Information shown →

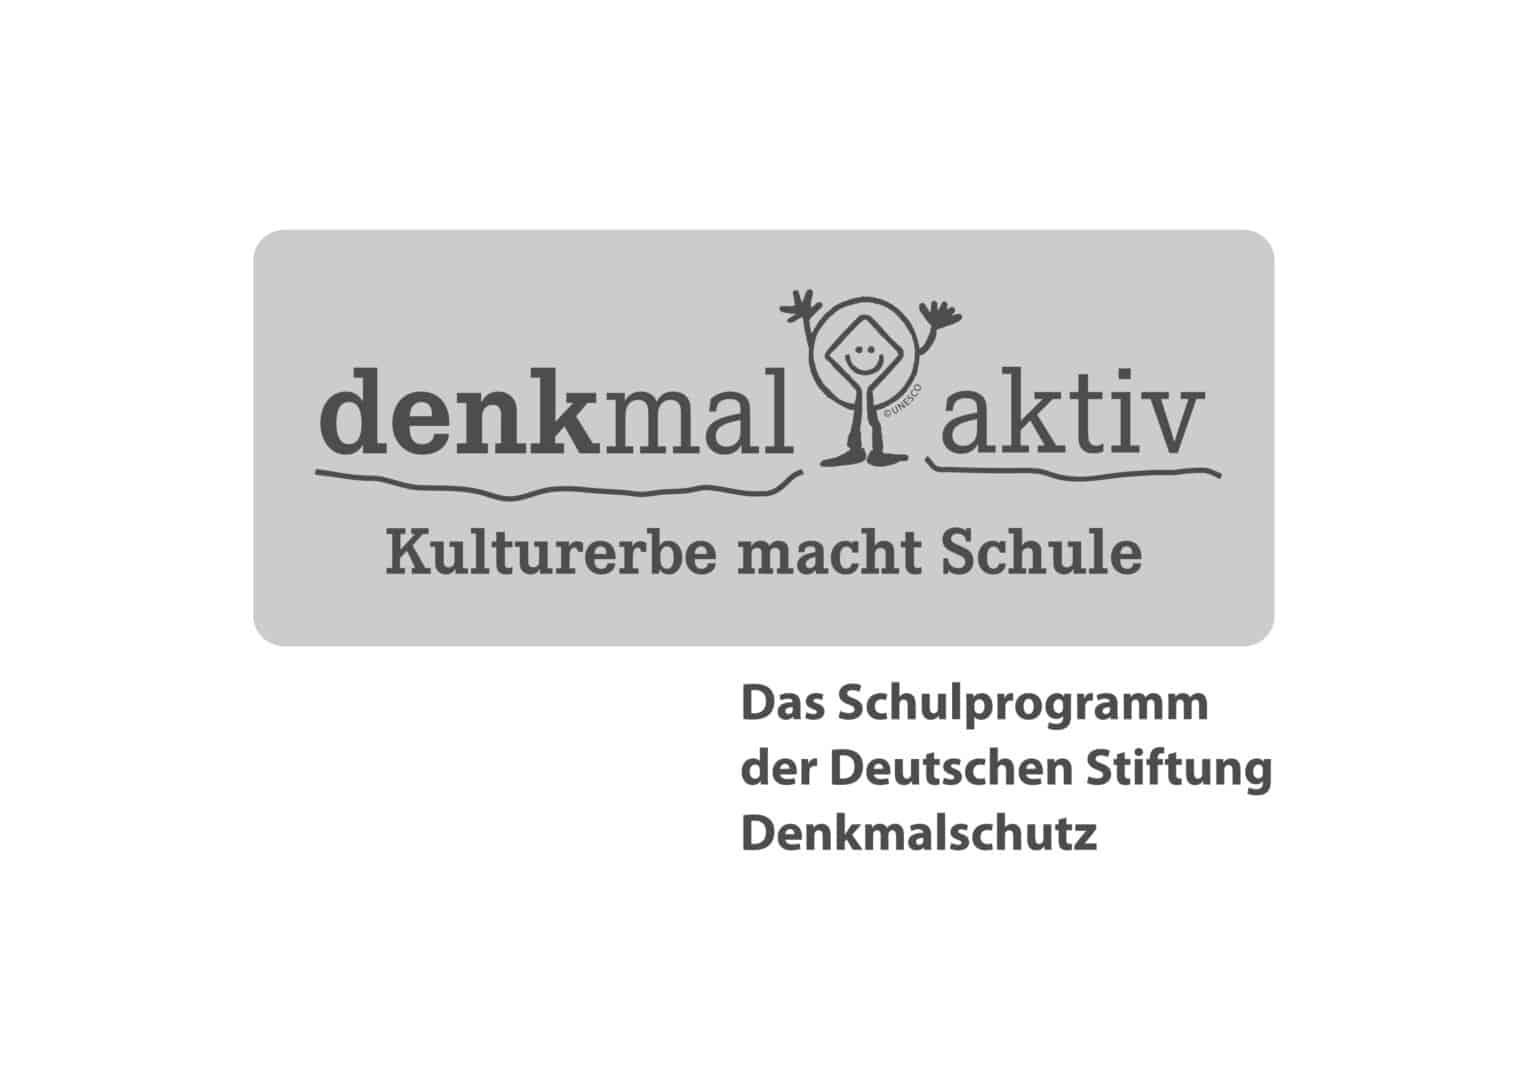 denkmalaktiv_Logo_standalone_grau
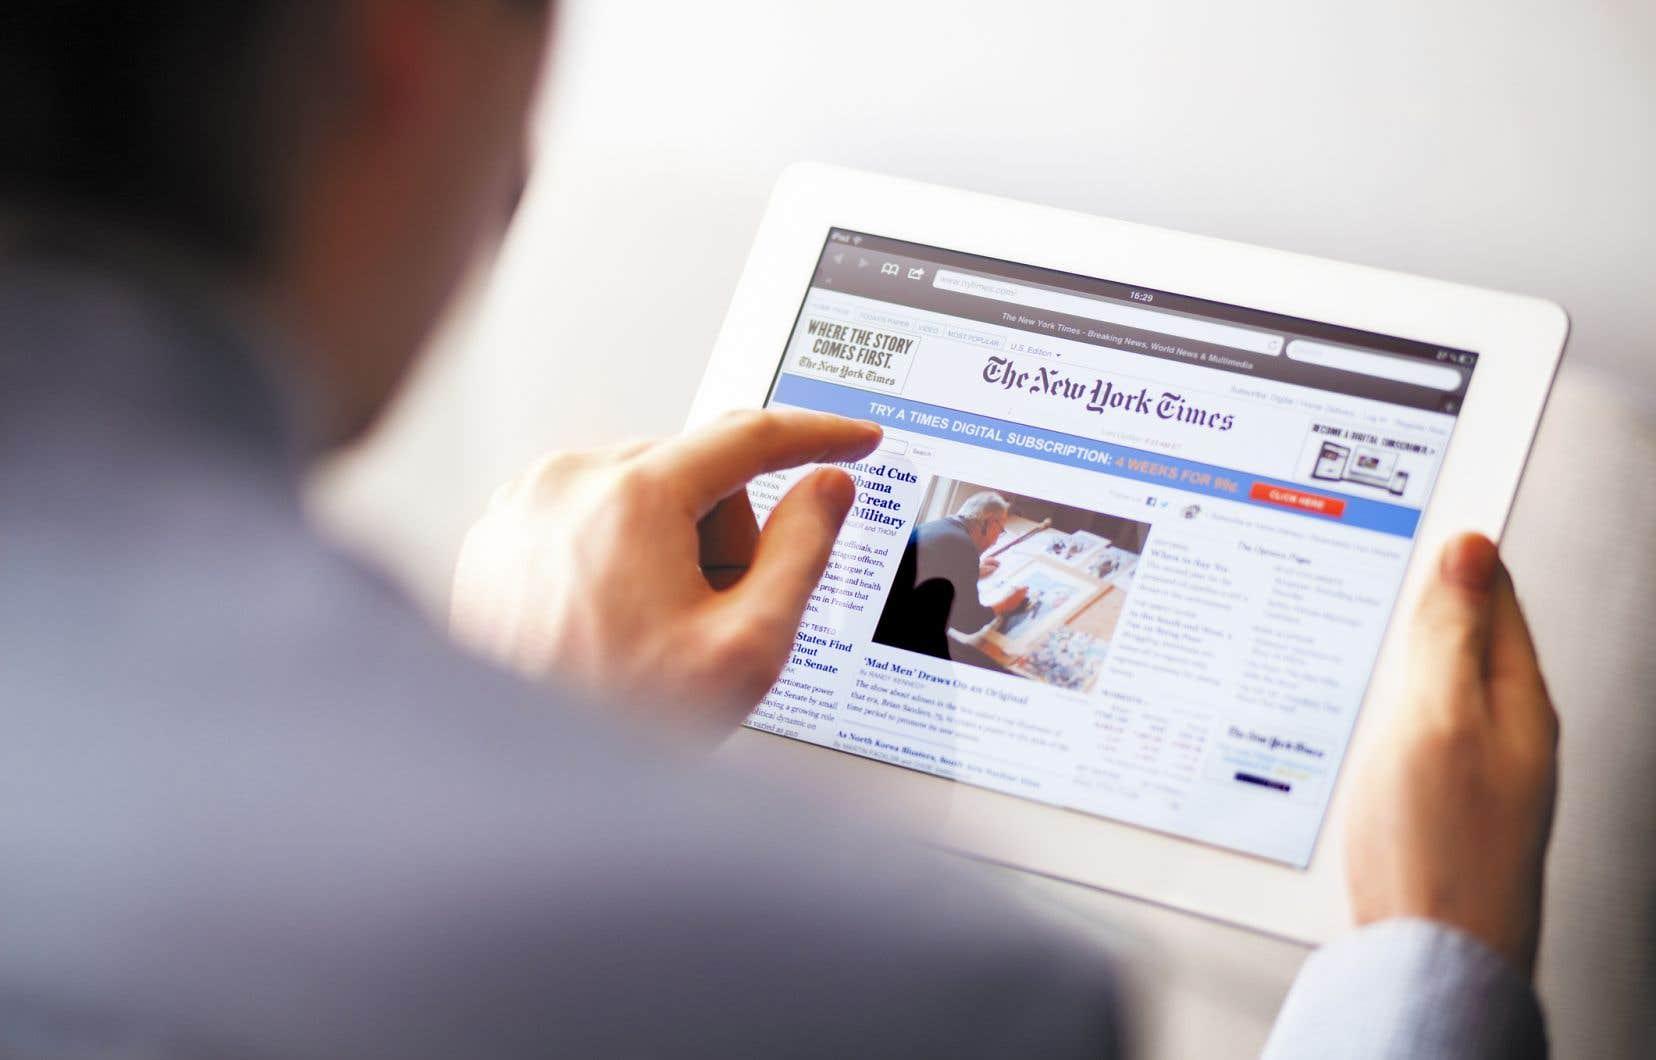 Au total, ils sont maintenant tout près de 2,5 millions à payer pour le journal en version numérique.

==

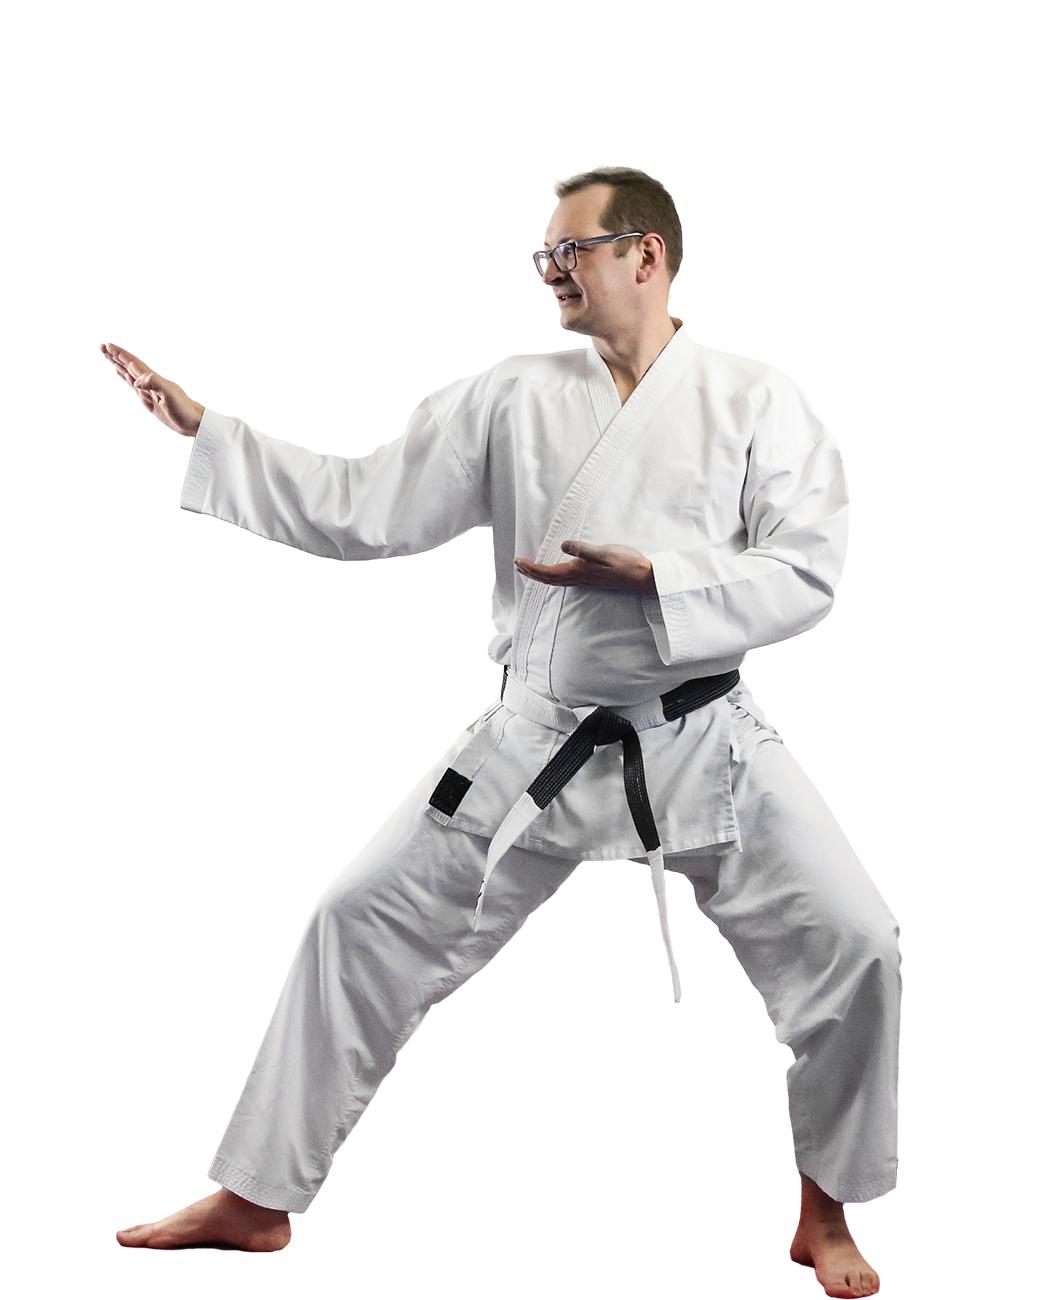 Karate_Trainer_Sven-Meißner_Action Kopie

---

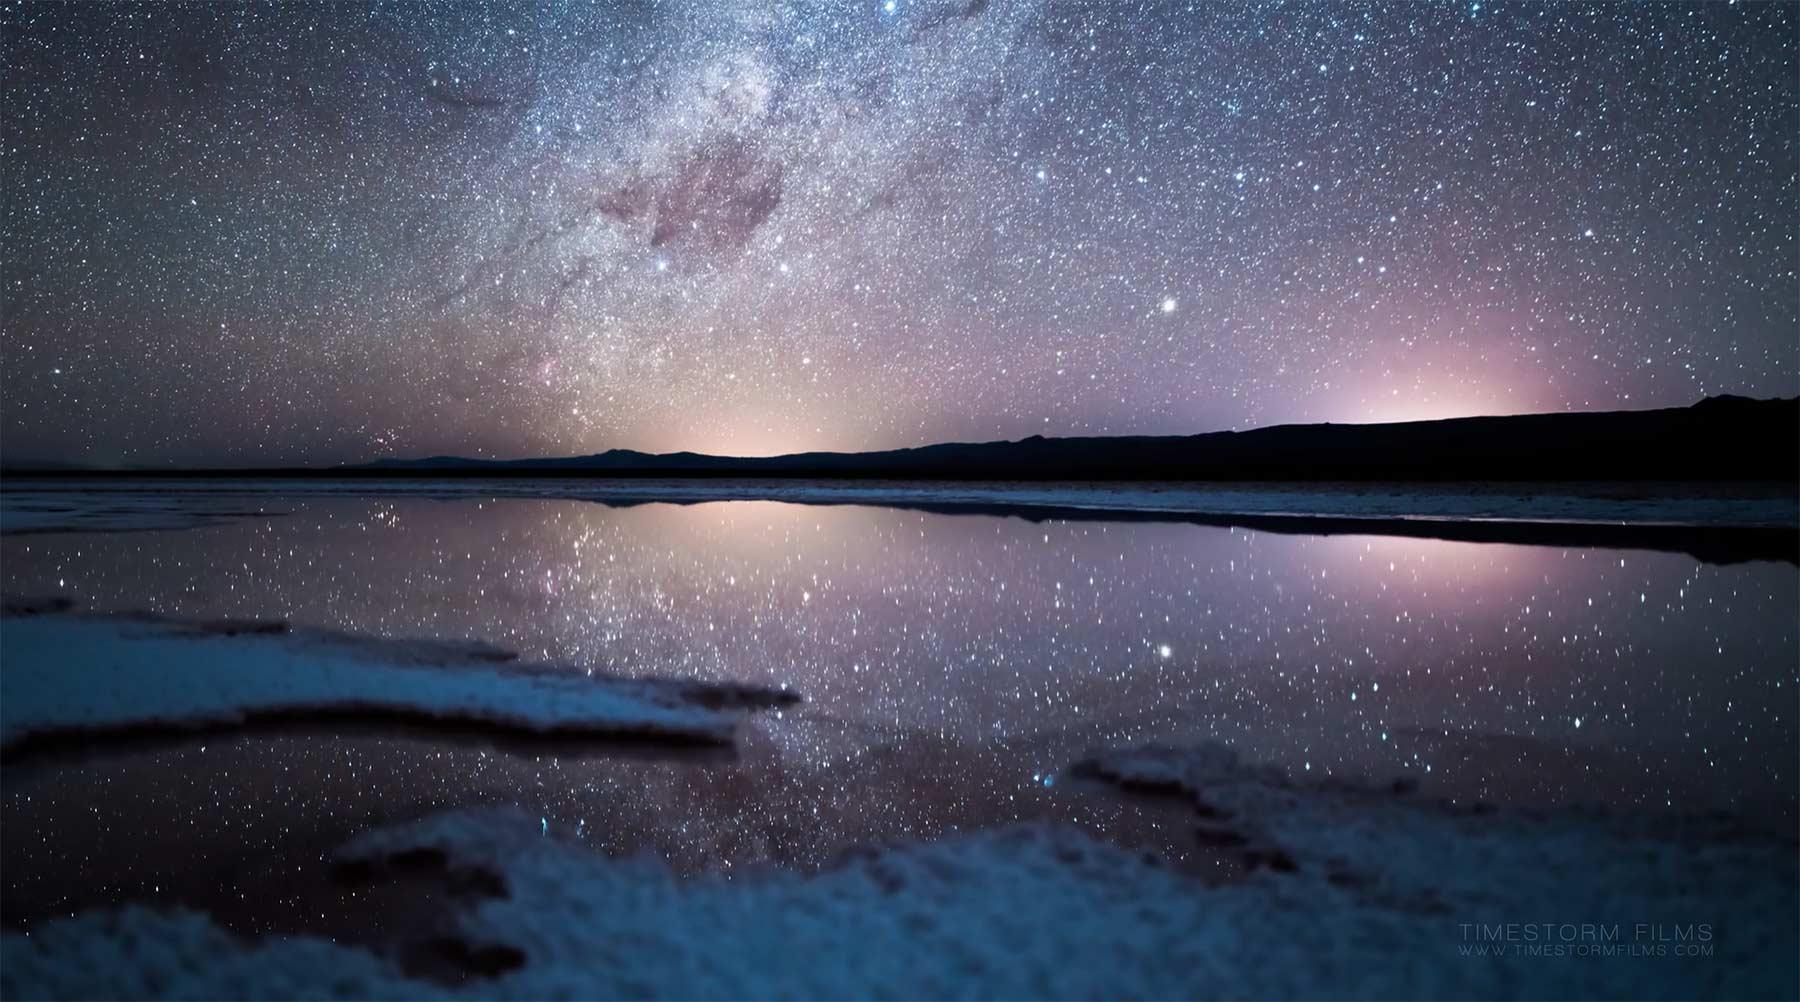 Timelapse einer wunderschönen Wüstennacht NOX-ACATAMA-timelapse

What is expected →
From the line containing "denkmalaktiv_Logo_standalone_grau" through the line containing "Au total, ils", copy every line above exactly, without pictures.

Response for this exercise →
 denkmalaktiv_Logo_standalone_grau
 Au total, ils sont maintenant tout près de 2,5 millions à payer pour le journal en version numérique.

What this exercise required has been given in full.